Question

Three blocks A, B & C are arranged as shown. Pulleys and strings are ideal. All surfaces are frictionless. If block C is observed moving down along the incline at 1m/s². Find mass of block B, tension in string and acceleration of A, B as the system is released from rest.

Answer 1

• Mass of block B: ≈ 1.71 kg
• Tension in the string: 3 N (in the string connecting A and B)
• Acceleration of blocks A and B: 0.5 m/s²

Answer 2

We will show that with a proper free‐body diagram and a careful use of the inextensibility conditions the answer comes out uniquely.

In what follows the key is to notice that the block B is connected to two segments of the same string so that it works as a movable “crown” (or pulley) for the string going toward block C. In this arrangement the displacement of block C will be twice that of block B; hence, the (ideal) string constraint gives

a₍C₎ = 2·a₍B₎     (1)

Since we are told that block C is observed to accelerate down the plane at

a₍C₎ = 1 m/s²

it follows that

a₍B₎ = ½ = 0.5 m/s²     (2)

Also, block A is connected by an inextensible string (via a pulley on A) to block B. Hence the acceleration of A (on the frictionless horizontal surface) is

a₍A₎ = a₍B₎ = 0.5 m/s²     (3)

Let us now look at the forces acting.

mermaid flowchart TD A[Block A (6 kg)] -- T₁ --> FP[Fixed Pulley] FP -- "Vertical string" --> B[Block B (m_B)] FP -- "String over 3rd pulley" --> C[Block C (3 kg) on 37° incline]

There are two different strings involved; the one connecting A and B has tension T₁ and the one going from the fixed pulley (via the third pulley) to block C has tension T₂. However, the free‐body diagram on B shows that B “feels” both tensions.

1. For block A (mass = 6 kg) moving horizontally, T₁ = 6·a₍A₎ = 6 × 0.5 = 3 N     (4)

2. For block C (mass = 3 kg) on an incline at 37°: Take the coordinate along the plane (downwards positive). The weight component along the plane is 3g sin 37°. Since the string (with tension T₂) is assumed to be directed up along the plane, 3g·sin 37° – T₂ = 3·(1) Using sin 37° = 0.6 and g = 9.8 m/s², T₂ = 3·9.8×0.6 – 3 = 17.64 – 3 = 14.64 N  (5)

3. For block B (mass = m_B) note that:

   • The upward forces are T₁ (from the string going to A) and T₂ (from the string going toward C via the pulley)
   • The downward force is its weight m_B g. Since we found a₍B₎ = 0.5 m/s² upward, Newton’s 2nd law gives T₁ + T₂ – m_B g = m_B (0.5)    (6)

Now substitute T₁ = 3 N and T₂ = 14.64 N: 3 + 14.64 = m_B(g + 0.5) 17.64 = m_B(9.8 + 0.5) = m_B·10.3 Thus, m_B = 17.64/10.3 ≈ 1.71 kg    (7)

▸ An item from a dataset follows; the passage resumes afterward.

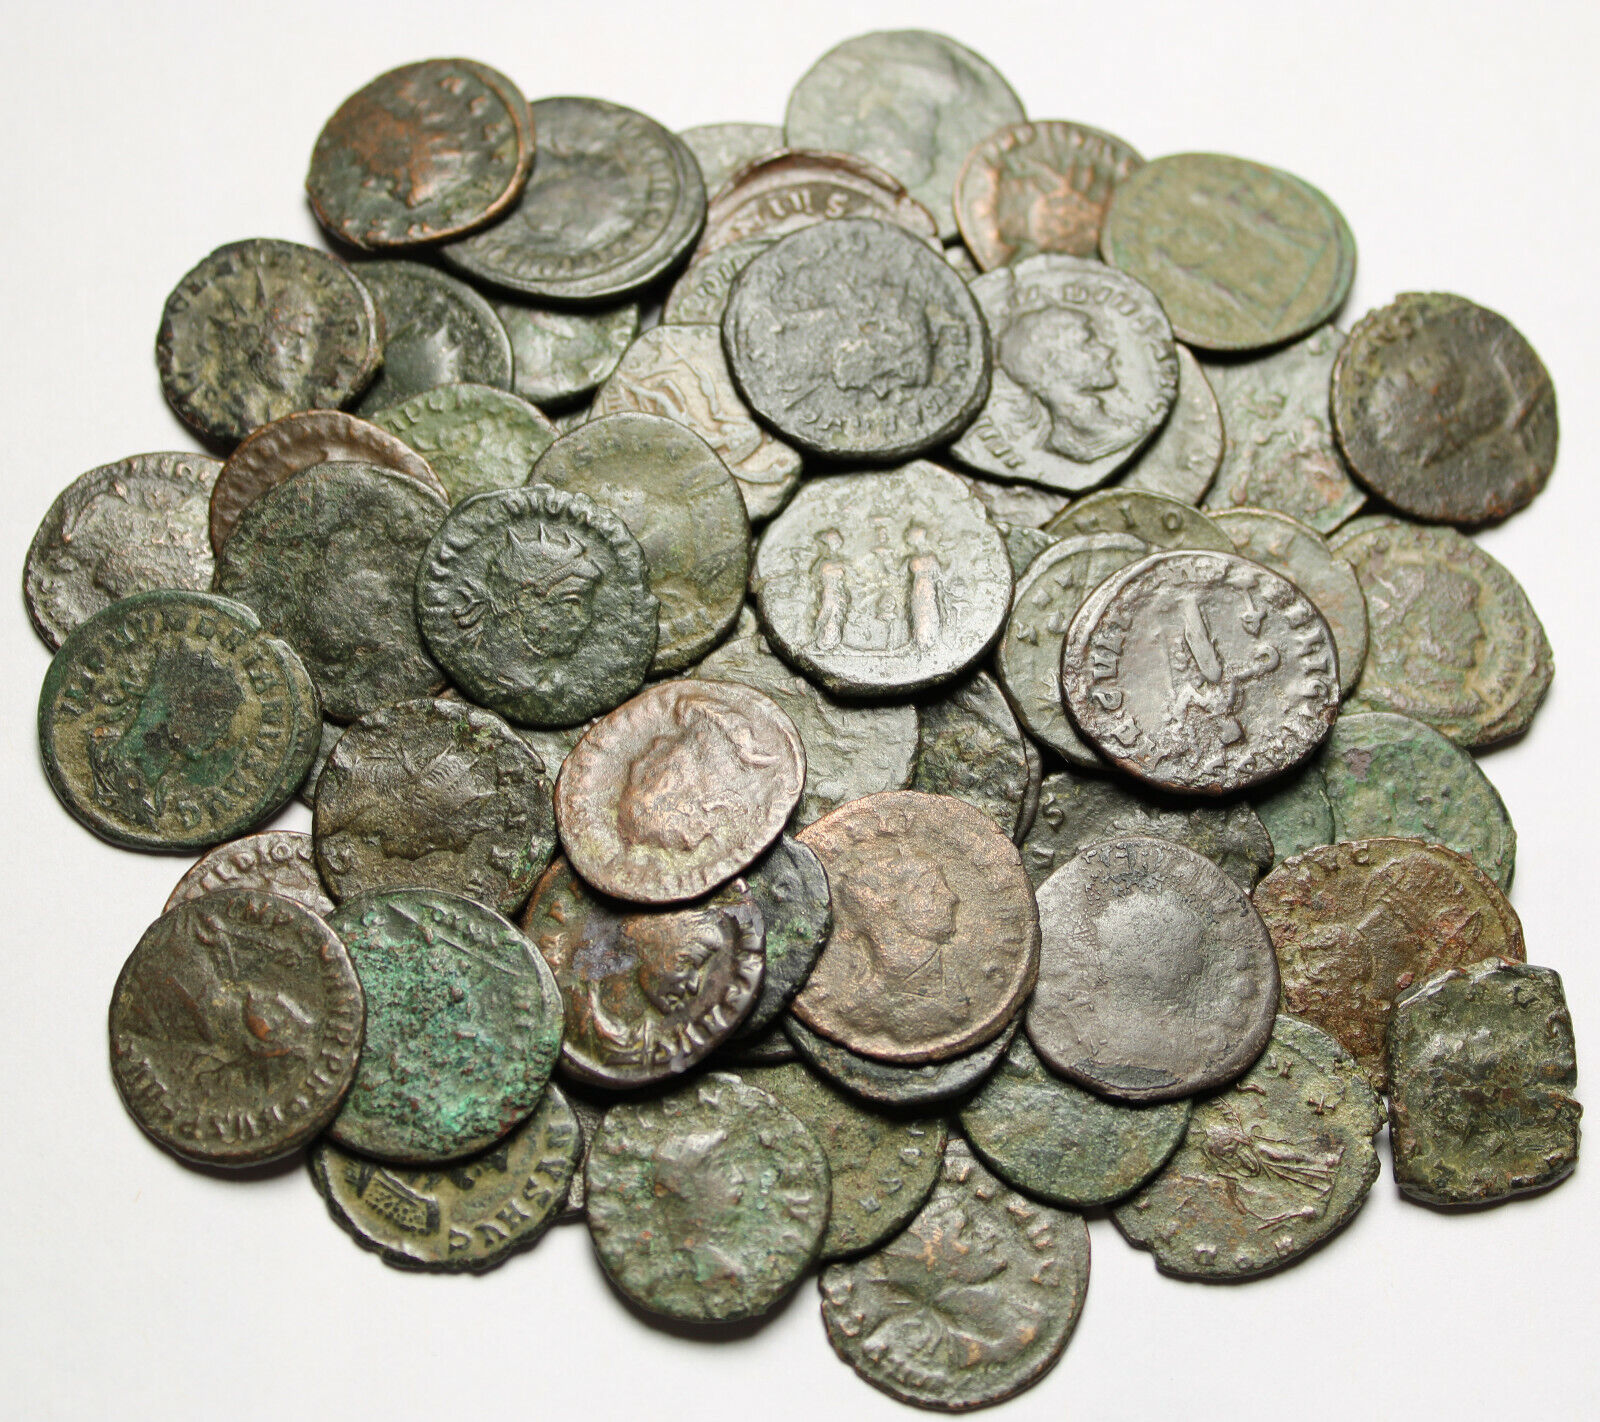 Lot of 3 Rare original Ancient Roman Antoninianus coins Probus Aurelian Claudius Без бренда - фотография #3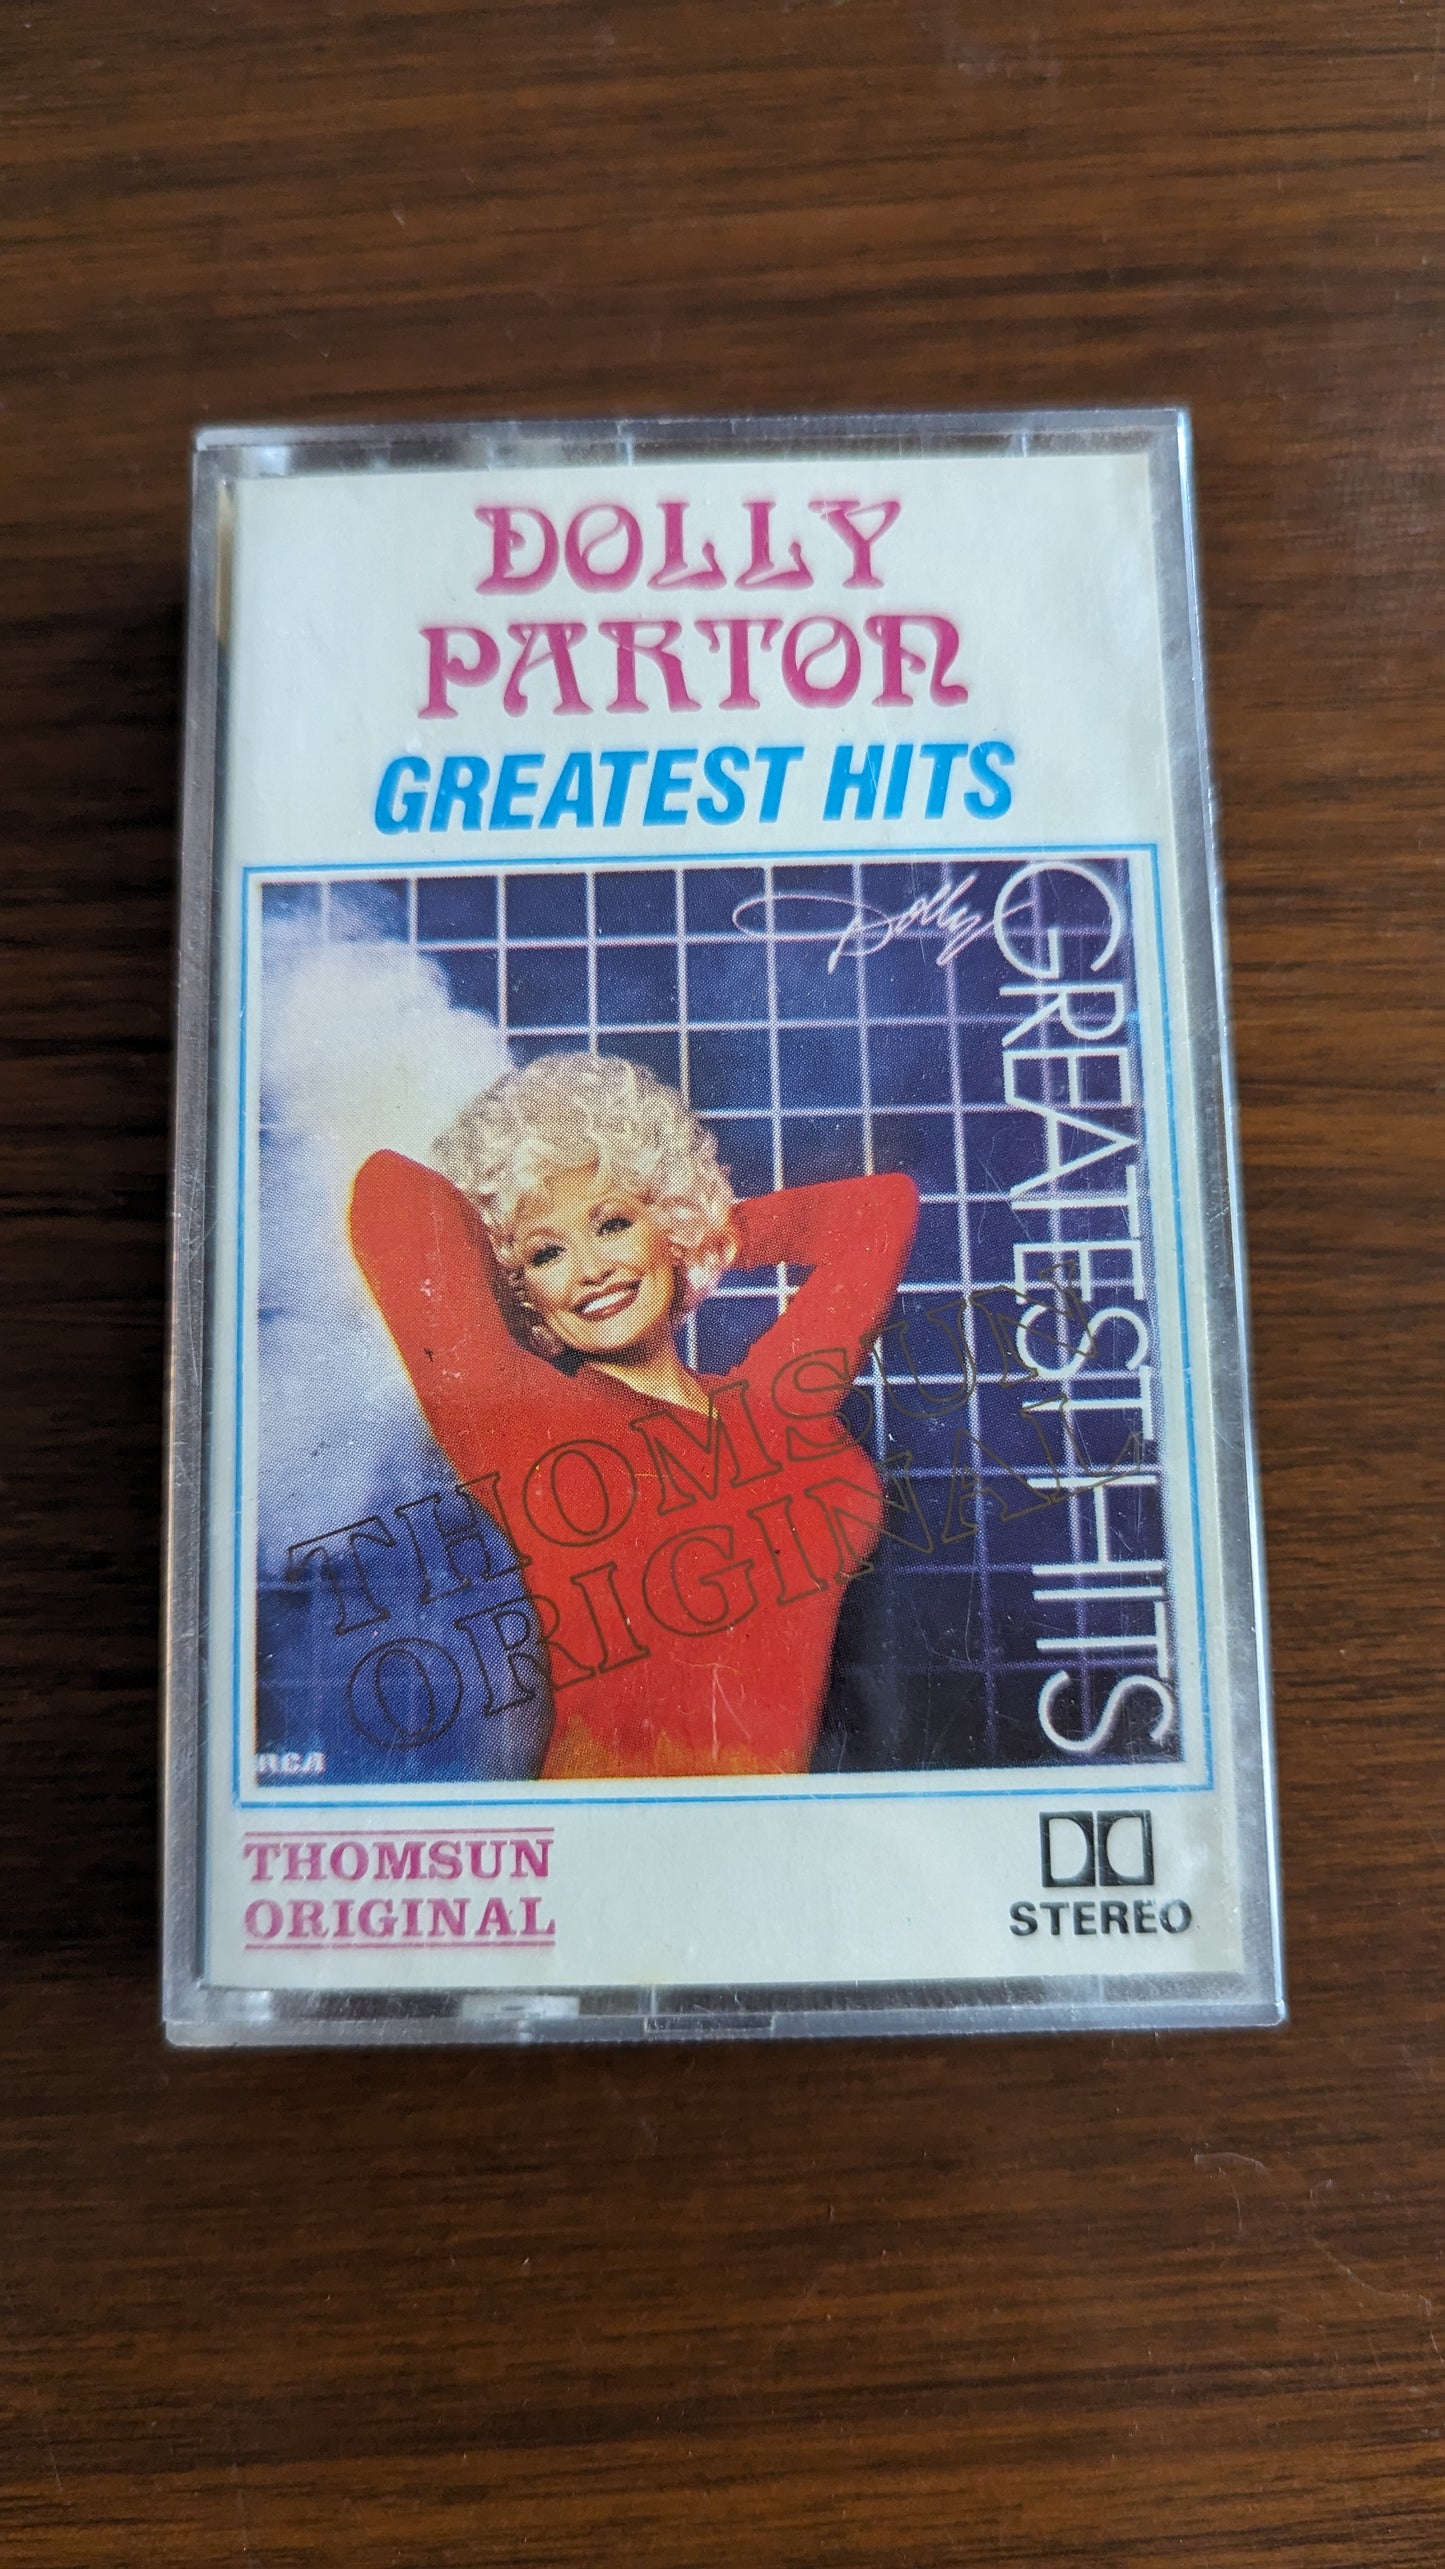 Dolly Parton Greatest Hits

So, our final answers are:

• Mass of block B: m_B ≈ 1.71 kg
• Tension in the string joining A and B: T₁ = 3 N
• Acceleration of blocks A and B: 0.5 m/s²

Short Explanation

1. Constraint: Because block B is the pulley for the string to C, a_C = 2a_B. Given a_C = 1 m/s², we get a_B = 0.5 m/s² (and a_A = 0.5 m/s²).
2. Block A: T₁ = 6×0.5 = 3 N.
3. Block C: Along the incline, 3g sin37° – T₂ = 3×1, so T₂ = 14.64 N.
4. Block B: T₁ + T₂ – m_B g = m_B×0.5; solving gives m_B ≈ 1.71 kg.